Employment considerations

Although employers may be happy for their employees to work remotely from abroad as long as they get the job done, this can create legal risks that may not have been considered. It is likely that a UK employee working abroad will continue to be subject to national employment laws to some extent; however there is a risk that the employment laws of the host country may also apply, for example with regards to annual leave, health and safety, and tax and social security obligations.

Working in breach of local immigration laws can have serious consequences for individuals, particularly in relation to possible travel bans, but could also have legal, tax, and reputational consequences for their employer”


This will depend on various factors, including the host country’s employment laws and any ratified agreements between the UK and the host country (or applicable EU laws). The position will vary between countries and so the employer should consider seeking local employment law and tax advice in order to fully understand the liabilities.

If an employee is working within an EU member state, EU laws on mandatory rights effectively mean that the employee can benefit from the best of both worlds: where a mandatory law in the employee’s host country offers greater protection to the employee than the system of law chosen by the parties, the more beneficial law will apply. EU laws may also determine which courts have jurisdiction to resolve any disputes that arise.

Employers should also consider the practicalities of employees working remotely from abroad, such as monitoring work output and employee conduct. The terms of any remote-working should be agreed and documented in a written agreement before permission is granted.

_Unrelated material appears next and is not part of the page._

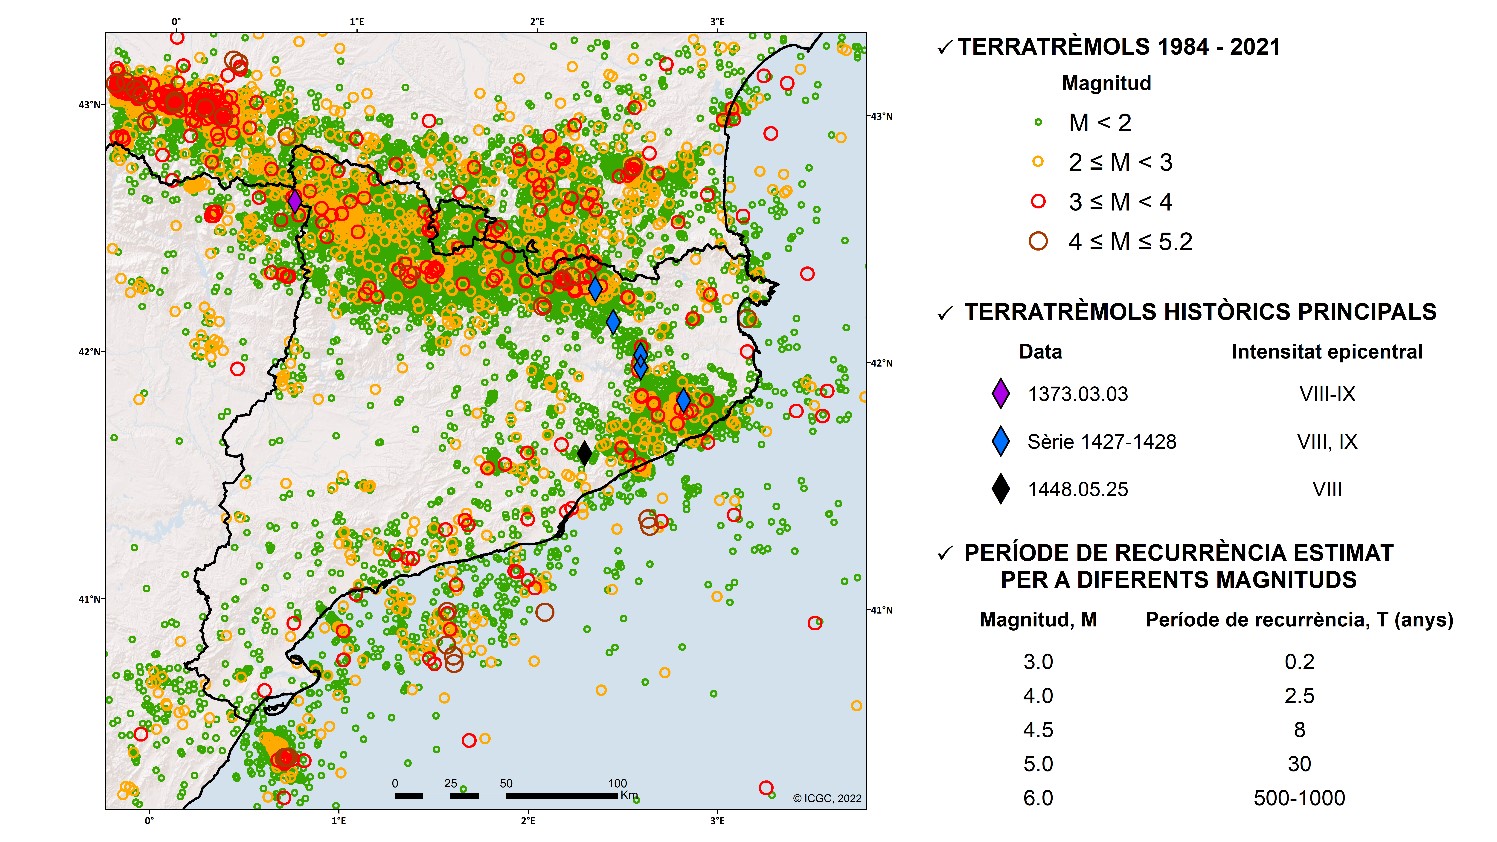 Sismicitat instrumental per al període 1984-2021 amb els terratrèmols històrics més importants caracteritzats a partir d’enregistraments macrosísmics. També es mostra el període de recurrència estimat per a diferents magnituds.

The agreement should provide the employer with as much flexibility as possible to terminate the arrangement and require the employee to return to work from the UK as needed. It should also reaffirm to employees that all policies will continue to apply when working abroad, including codes of conduct and confidentiality obligations.

Immigration considerations

An employee who intends to work in another jurisdiction will need to satisfy that they are able to do so without any form of special permission such as a visa or work permit, or they are citizens from that country.

“Working” is defined differently across jurisdictions. Many countries have their own visa rules and requirements. Immigration permission is typically not required for business visits.

Several business activities are permitted under visitor type visas, but these are typically narrow and rigid, and are unlikely to cover productive work. Depending on the employee’s activities, it may be possible to characterise their stay as a business visit, for example, if their activities are limited to those typically undertaken during business trips (for example, meetings, conferences, and training).

However, restricting an employee’s activities in this way is unlikely to be practical for many employees, especially if they are planning on working remotely from a different jurisdiction for long periods of time.

Generally, the longer an employee works without permission, the more difficult it will be to characterise their stay as a business visitor. In many countries, work is prohibited as a business visitor.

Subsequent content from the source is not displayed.